India’s conflict with China requires US intervention, says US Threat Assessment Report | News from India

WASHINGTON: India-China relations “to remain tense” in wake of lethal confrontation of countries in 2020, with “elevated risk of armed confrontation … which could pose direct threats to American people and interests,” calling for intervention of the United States, said an annual US intelligence threat assessment released Wednesday.

Outlining the two-pronged challenge facing New Delhi, the assessment also warned of the risk of an “escalation cycle” between India and Pakistan, arguing that India, under the leadership of Prime Minister Narendra Modi, is “more likely in the past to respond with military force to perceived or real Pakistani provocations”.
The brief section on India-Pakistan, however, said that New Delhi and Islamabad “are likely to reinforce the current calm in their relations” following the renewal of a ceasefire by both sides along the Line of Control at all. beginning of 2021, while noting that “Pakistan has a long history of supporting anti-Indian militant groups.”
“Both sides’ perceptions of heightened tensions raise the risk of conflict, with violent unrest in Kashmir or a militant attack in India as potential flashpoints,” the assessment said.
While there was an element of a positive projection regarding India-Pakistan ties, the prognosis regarding China was bleak, both in the case of New Delhi and Washington’s ties with Beijing. The 40-page report noted that previous clashes between China and India have shown that persistent low-level friction at the Line of Effective Control (LAC) has the potential to escalate rapidly.

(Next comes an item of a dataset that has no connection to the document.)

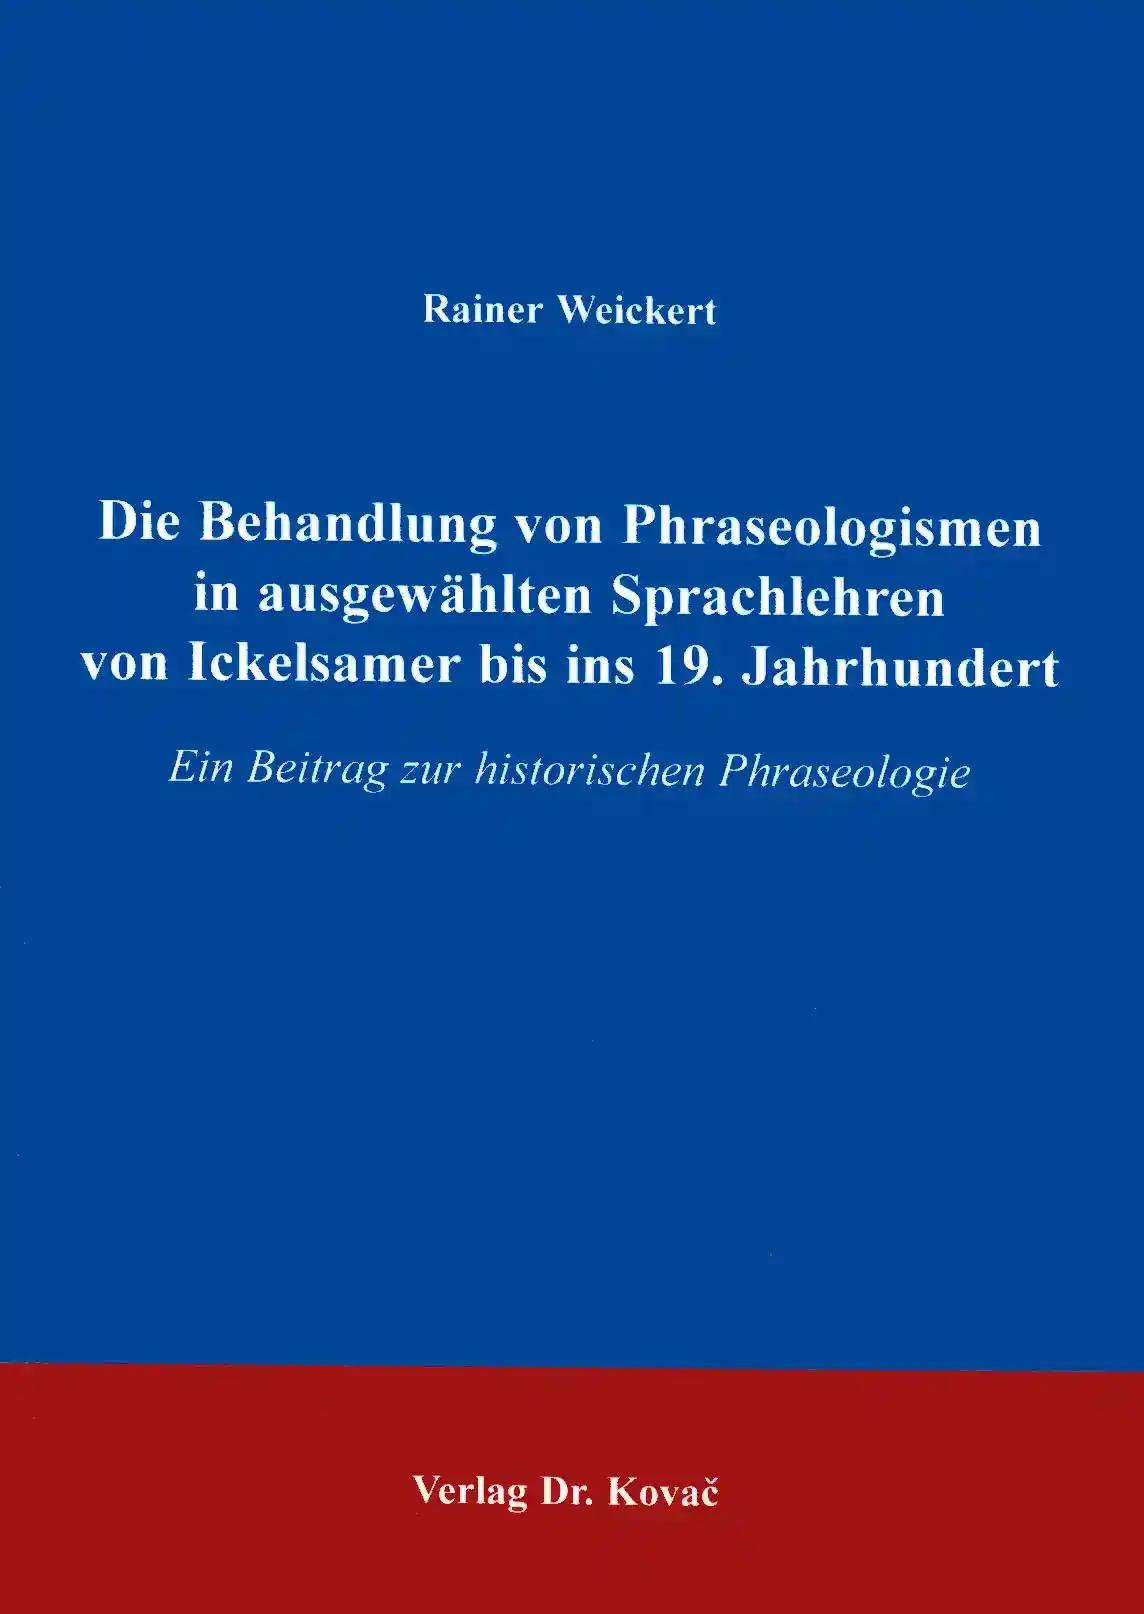 Die Behandlung von Phraseologismen in ausgewählten Sprachlehren von Ickelsamer bis ins 19. Jahrhundert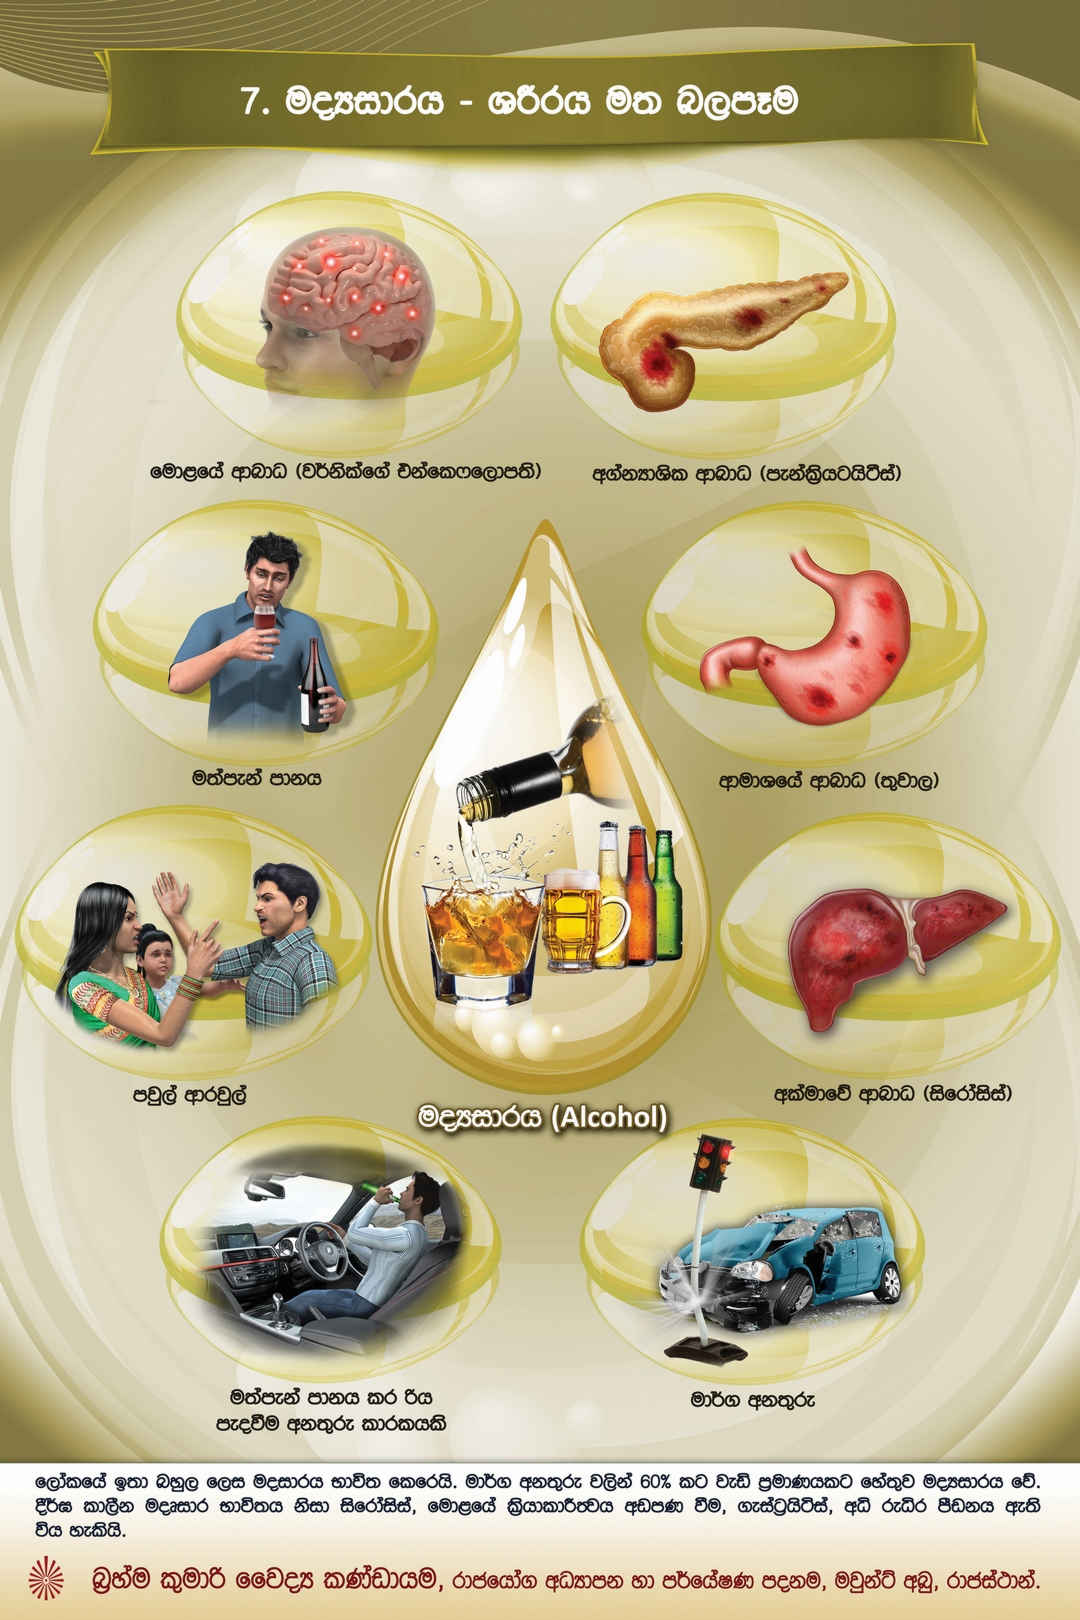 Drug De-addiction - Alcohol (Sinhala)

The fact that India was positioned in a difficult neighborhood was evident in the section of the report on potential interstate conflicts, where apart from a preamble mentioning the war in Ukraine, two of the three clashes deserving “the immediate attention of the United States” they concerned India, with the Azerbaijan-Armenia confrontation the only other mentioned. There was hardly any mention of numerous other conflicts in Asia and Africa.
The assessment was heavy on tensions between China and the United States, with Beijing and Moscow attracting the most attention. There were nearly 100 mentions each of China and Russia, and only five of terrorism, a topic that has animated geopolitical discourse for nearly 30 years.
“The strategic competition between the United States and its allies, China and Russia over what kind of world will emerge makes the coming years key to determining who and what will shape the narrative perhaps most immediately in the context of Russia’s actions in Ukraine, which threaten to escalate into a broader conflict between Russia and the West,” the report said.

In a hearing before a US Senate committee on the report, Director of National Intelligence Avril Haines said China believes it can achieve its goals of dominating its region and expanding its global reach “only to expenditures of United States power and influence”.
While the intelligence assessment said Beijing is in cahoots with Moscow in an effort to undermine Washington’s global influence, Haines suggested the partnership was opportunistic and did not see them “becoming allies, .. the way we are with allies in NATO.”
“China, which is increasingly challenging the United States economically, technologically, politically and militarily around the world, remains our unprecedented priority,” Haines said in his testimony, reflecting the assessment’s emphasis on China.